As a harmonica player I knew of several nicknames for the instrument, like the “mouth organ” or the “Mississippi Saxophone.” Furthermore, some of the original members of my band hailed from Mississippi like Robert Covington, for instance. For all of these reason, I had a tender connections to the state and to the word “Mississippi.”
The word “Heat” is an image my son Jonathan came up with. He was nine years old at the time! We were looking at a variety of words or images connected with “Mississippi.” I wanted a word that would invoke passion, inspiration, and the urgency I feel about this music. At some point Jonathan came to me and said, “Hey Dad, what about ‘Heat’?” It was an ah-ha moment, and it stuck. So, we went with “Mississippi Heat.”
Ultimately, I wanted to honor the roots of the Chicago Blues, which is my first love. So, my music has an electric sound while honoring the Delta acoustic soul.
Q: Can you describe the Mississippi Delta blues?
Lacocque: Originally, it was “field sounds.” Blues developed during a time of brutal up rootedness and pain, for African Americans – during slavery. Blues music was played at parties or get-togethers after work was done, and when the slave-owners weren’t around. Delta blues were acoustic and the harmonica always played a crucial role.
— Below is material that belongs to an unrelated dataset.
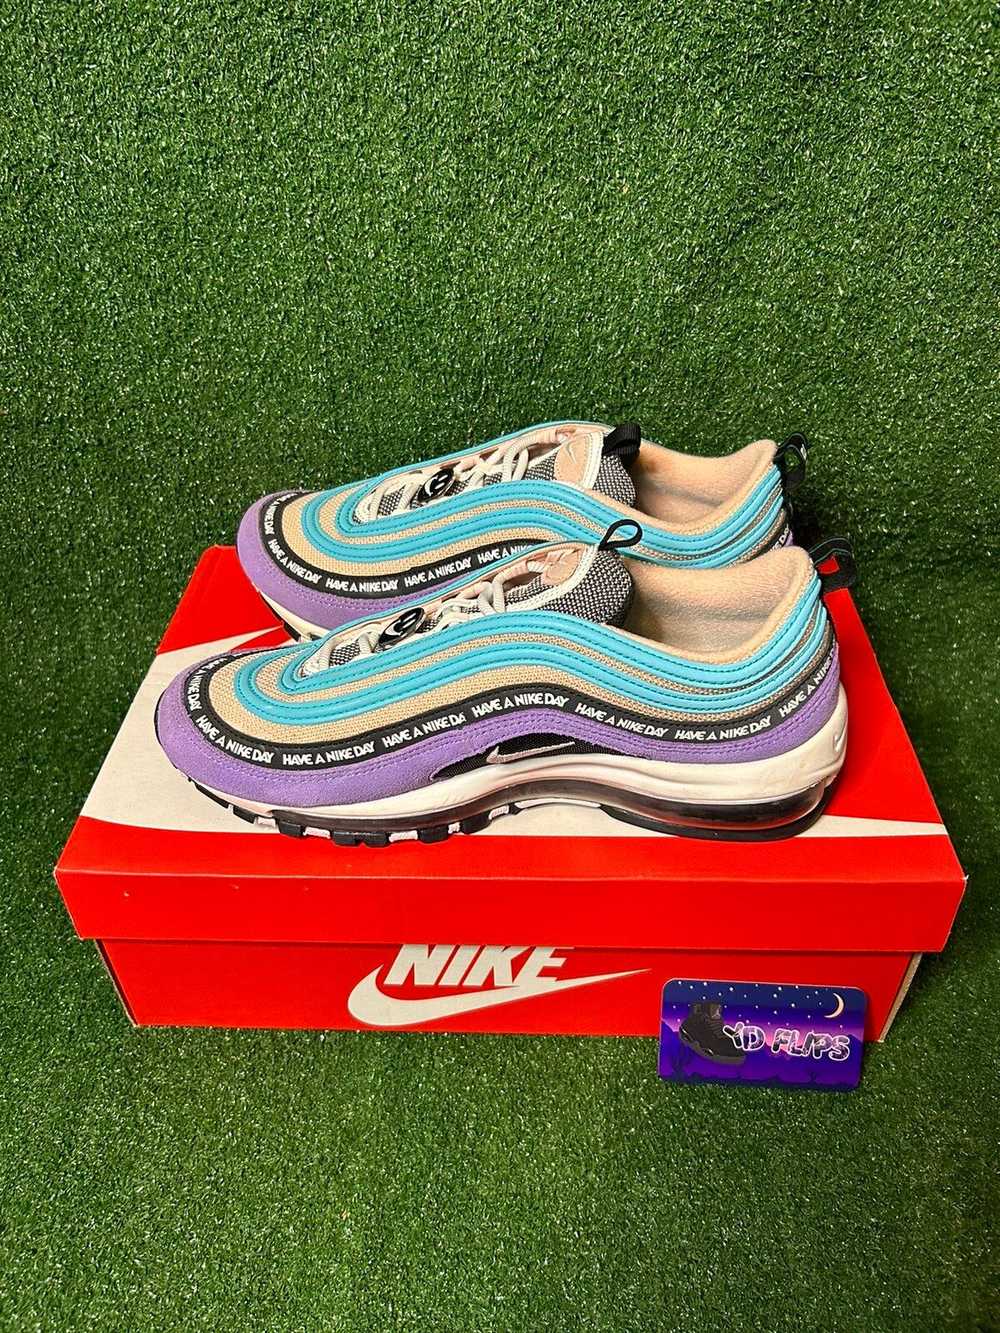 Nike Have a Nike Day Airmax 97 Size 8/9.5w - image 2
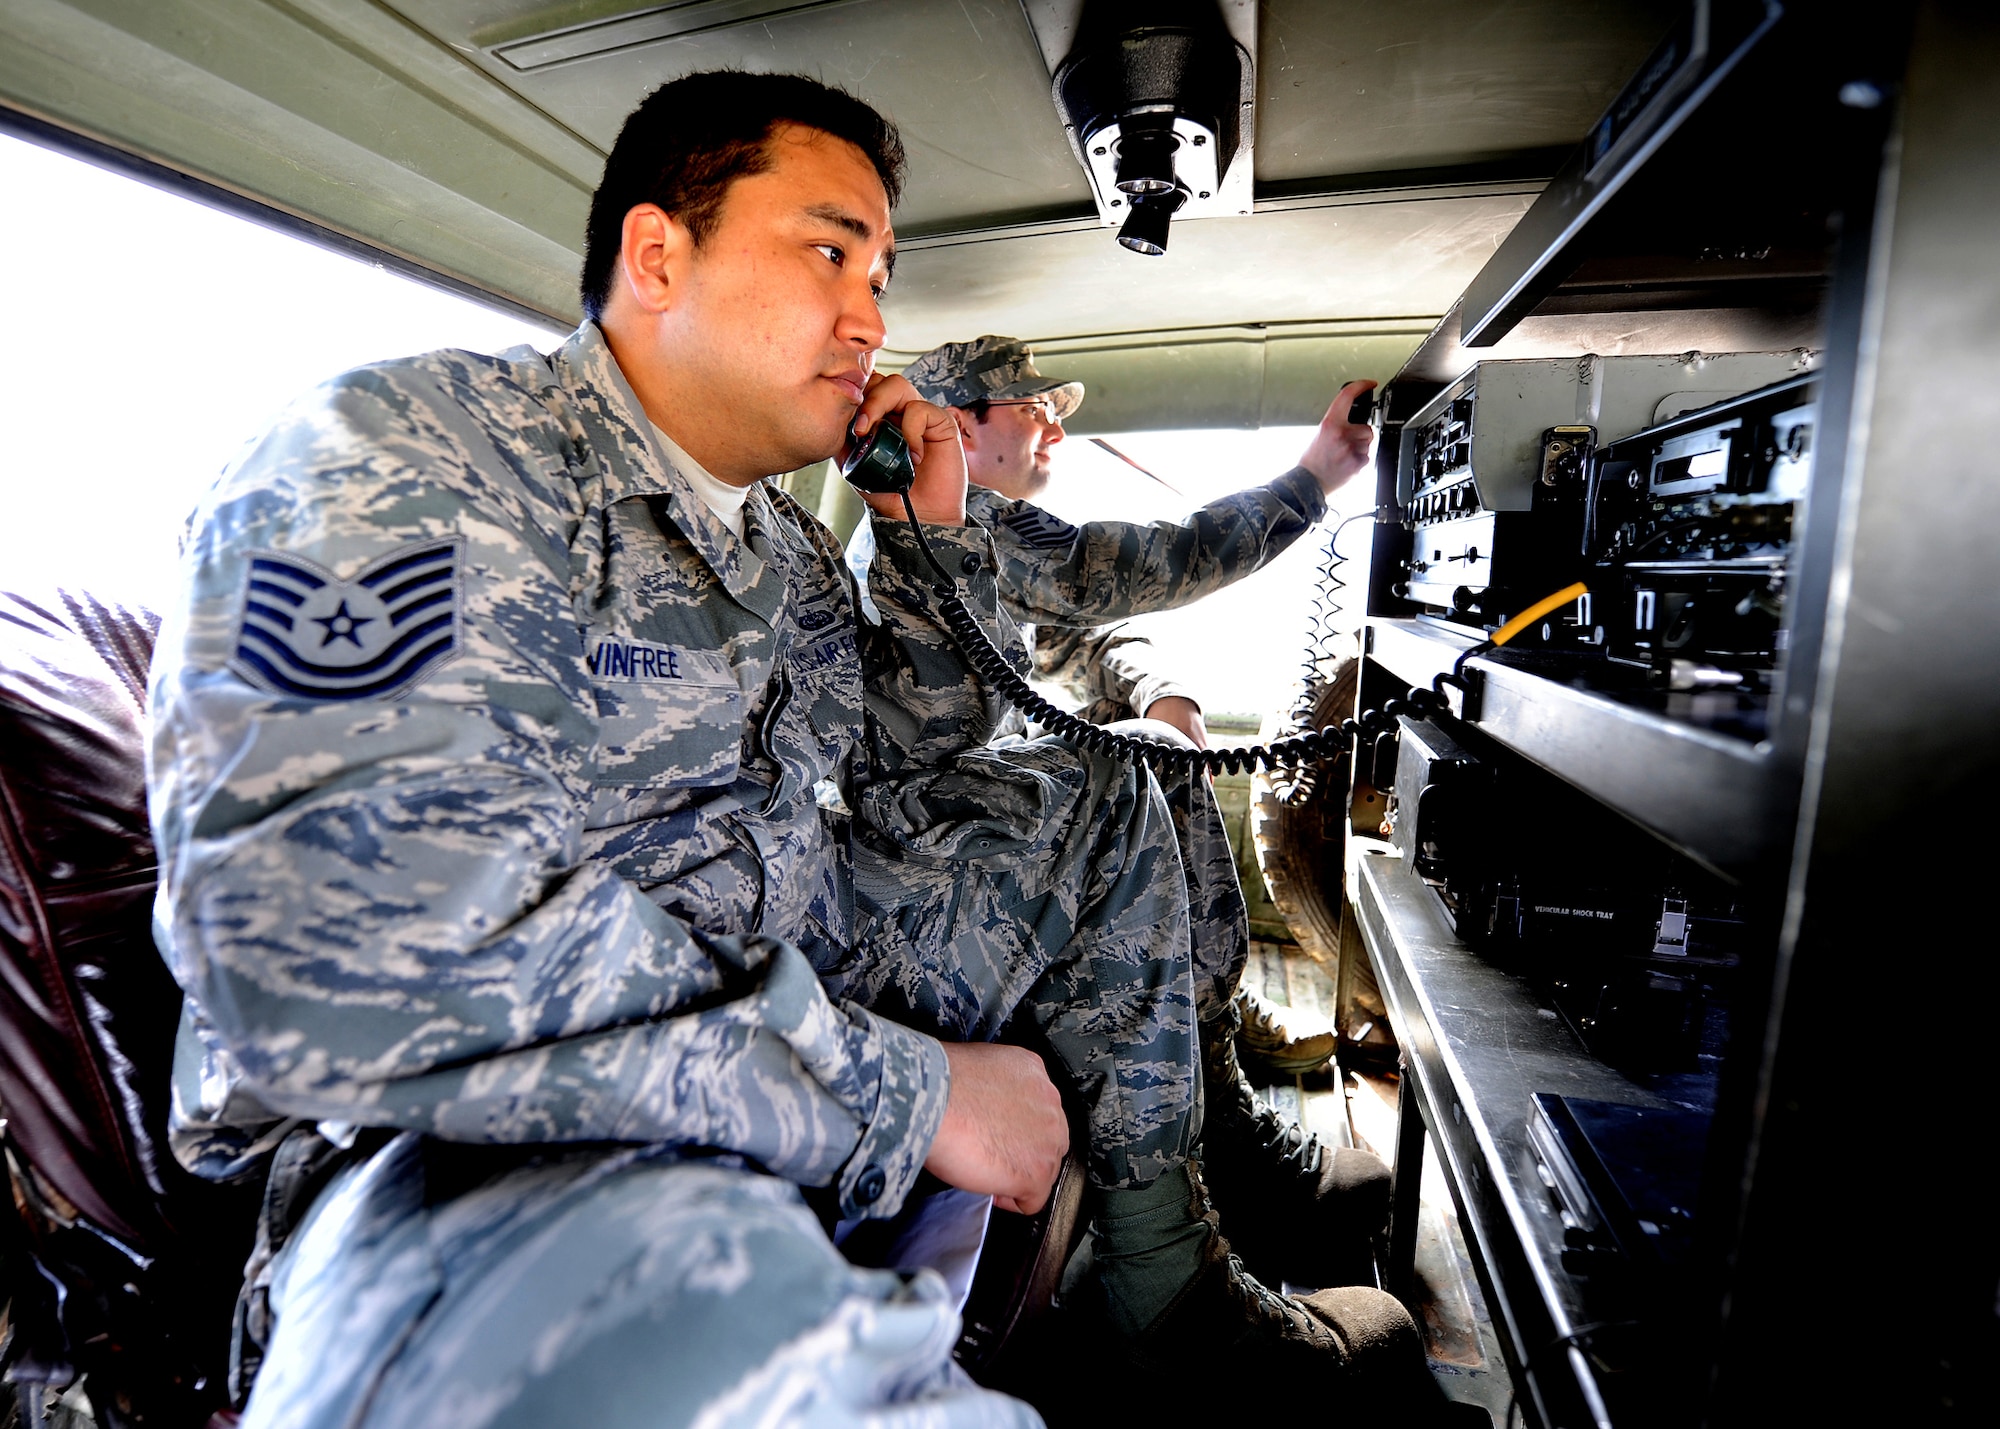 Technical Sgt. Claudio Winfree and Tech. Sgt. Brian De Luca, 571st Mobility Support Advisory Squadron air advisors, perform an operations check on the communication equipment in the Honduran Air Force tactical communication vehicle at Col. Hernán Acosta Mejia Air Base, Tegucigalpa, Honduras, Feb. 7.  (U.S. Air Force photo by Tech. Sgt. Lesley Waters)

First of all, the harmonica was not expensive and it was also easy to carry. The three instruments most commonly included were the acoustic guitar, harmonica, and piano. But the harmonica, with its ability to wail, served as a second voice. In fact, Otis Span, a legendary piano player with Muddy Waters, said, “The harmonica is the mother of the band.” It has a central, irreplaceable sound.
A piano is also important to the Delta sound but it was more difficult to find. If you had been a traveling blues man or woman, a piano would likely be present at a venue but could not be carried from bar to bar. The guitar and harmonica, on the other hand, were naturally more accessible and easily transported.
Q: Have you recorded a solely acoustic album?
Lacocque: I have not recorded an acoustic album yet, but I would like to. More and more I am attracted to the acoustic harmonica sound. It takes so long to harness the harmonica’s tone! I am at a stage in my life now that I’m confident with my tone. Tone is everything to me along with phrasing and melody. But tone is difficult to refine. Especially without the artifices of amplification, such as distortions and compression.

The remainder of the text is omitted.